Weeks after Pervez Musharraf engineered a coup and seized control of Pakistan in 1999, George W. Bush was asked in an interview to name that country’s new leader. He admitted that he had no idea. And it didn’t really hurt him, probably because most Americans also didn’t know—or care—who was running Pakistan back then.
But while the Musharraf coup went largely unnoticed here eight years ago, Thursday’s assassination of Benazir Bhutto could be big enough news to affect the presidential race just days before the primary season opens in Iowa.
Bhutto’s slaying dominated Thursday’s news coverage, and not just because of its considerable shock value. It is Pakistan, after all, where Osama bin Laden is probably hiding and where al-Qaeda has regrouped since the invasion of Afghanistan six years ago. The assassination reverses—at least temporarily—the diminishment of the role that foreign policy had been playing in the ’08 campaign thanks to declining U.S. casualties in Iraq.

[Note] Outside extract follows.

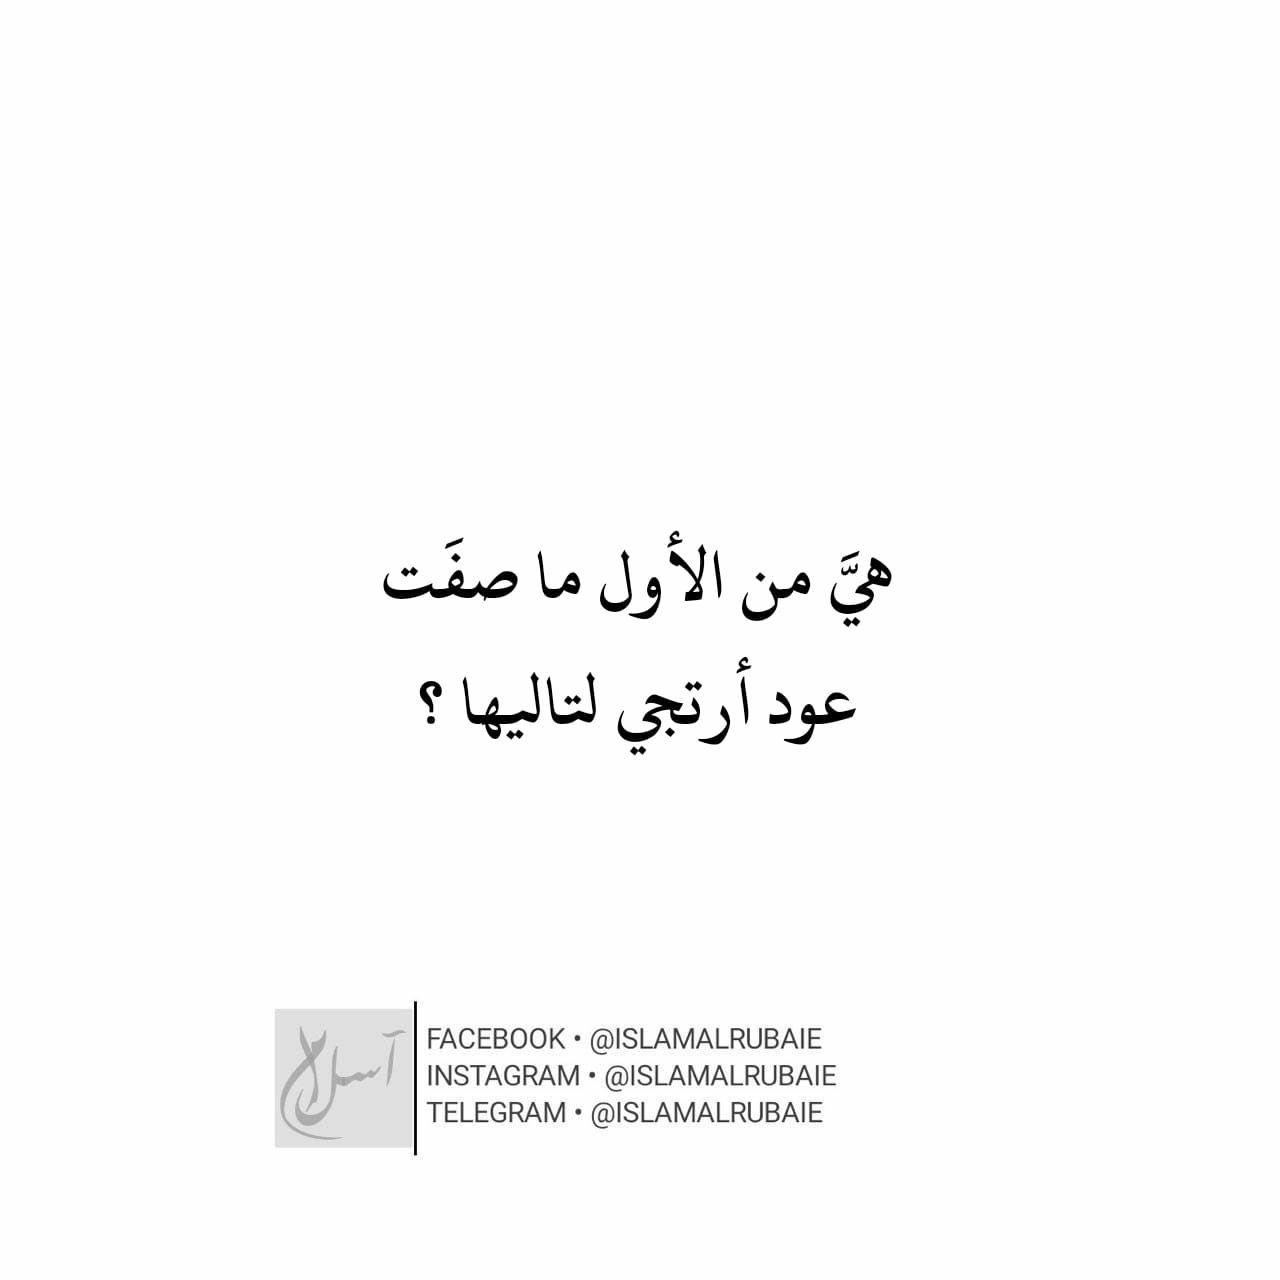 اجمل شعر شعبي عراقي غزل Love Quotes Arabic Quotes Crying Aesthetic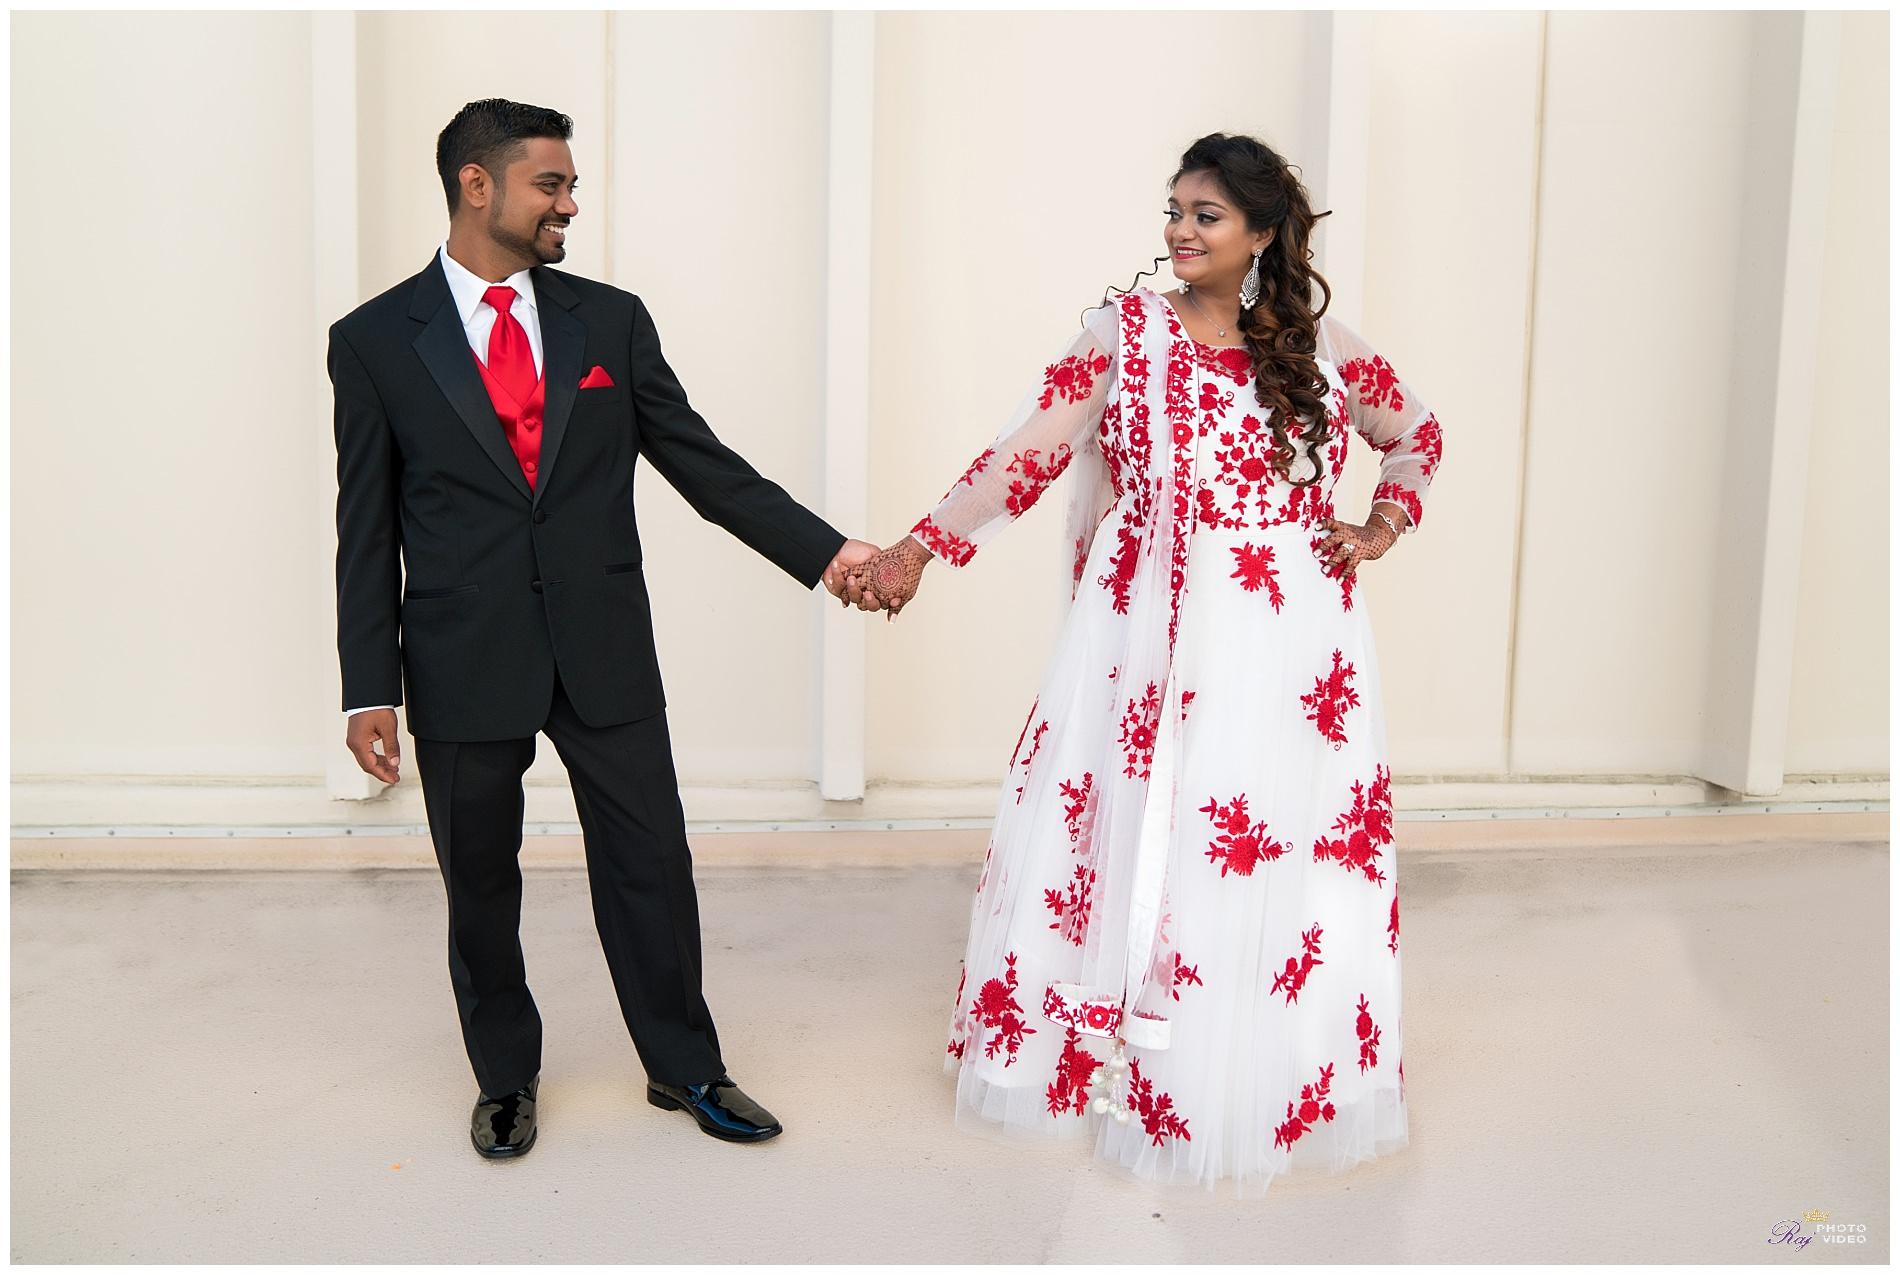 doubletree-by-hilton-hotel-wilmington-de-wedding-krishna-ritesh-80.jpg

The main beneficiary of this shift figures to be John McCain, simply because there is such a pronounced gap between his foreign policy resume and those of his two chief G.O.P. rivals, Mitt Romney and Mike Huckabee.
Mr. McCain has been selling himself as a battered, principled, and straight-shooting old warrior, a man who knows what he believes and who’d rather be right than popular. That’s precisely the kind of character Americans, and Republicans in particular, are attracted to in times of international crisis. And it’s precisely the character Republicans who watched Mr. McCain’s somber response to Bhutto’s death saw.
“It seems to me that the winners are the radical Islamic extremists,” Mr. McCain said. “Benazir Bhutto had dedicated herself and had said on several occasions that she would fight a battle against jihadists and radical Islamic extremists. And she promised the people of Pakistan that.”
The uneasy mood created by Bhutto’s death creates an opening for Mr. McCain, who is already climbing in national and key state polls, to connect with Republican voters who were previously cool toward him because of his apostasies on domestic topics like immigration, campaign finance reform, and tax cuts.
Mr. Huckabee and Mr. Romney also offered responses to Bhutto’s killing, but their words almost didn’t matter. The absence of significant international experience from each man’s portfolio—and the short shrift both of them have given foreign policy in their campaigns—guarantees that almost no one will look to them for comfort or wisdom on a day like Thursday. Mr. Romney used language similar to Mr. McCain’s, chalking up the assassination to “violent Jihadism,” but without Mr. McCain’s commanding presence, his words only reinforced his unfamiliarity with the subject. And Mr. Huckabee didn’t even try to mimic Mr. McCain, offering generic praise for democracy and sympathies for Bhutto and leaving it at that.
Thursday gave Republicans of all ideological stripes a glimpse of John McCain at his best. That impression can only accelerate the momentum he’s built over the last few weeks.
The fallout on the Democratic side is much less clear.
At first blush, Hillary Clinton may seem like the prime beneficiary, simply because her campaign is built on her “experience.”
The problem with this analysis, though, is that, unlike on the Republican side, Bhutto’s assassination does not draw attention to a massive foreign policy credibility gap between the top candidates. Unlike Mr. Romney and Mr. Huckabee, Barack Obama has not been ignoring foreign policy in his campaign. In fact, much of his appeal is rooted in the “soft power” potential of his presidency—the idea that people in hostile countries will look at American much differently if it elects an African-American named Barack Hussein Obama as its President.
To many Democrats, the turmoil and instability in Pakistan only reinforces the need for a dramatic change in America’s relationship with the rest of the world—a kind of change that the candidate of “experience” simply can’t offer.
Of course, the most clear and substantive voice on Thursday belonged, as often is the case, to Joe Biden. In an MSNBC interview, he calmly assessed the internal politics of Pakistan, cautioned against turning on Mr. Musharraf (despite his obvious shortcomings), and emphasized the predominance of moderate and secular viewpoints among the country’s citizens. He also resisted gloating over the fact that he’s been warning all year that Pakistan, much more than Iran, poses a serious potential threat to the United States.
If Biden were one of the front-runners, Democrats would probably be flocking to him after Thursday. But he’s not, so his words, as usual, fell mostly on deaf ears.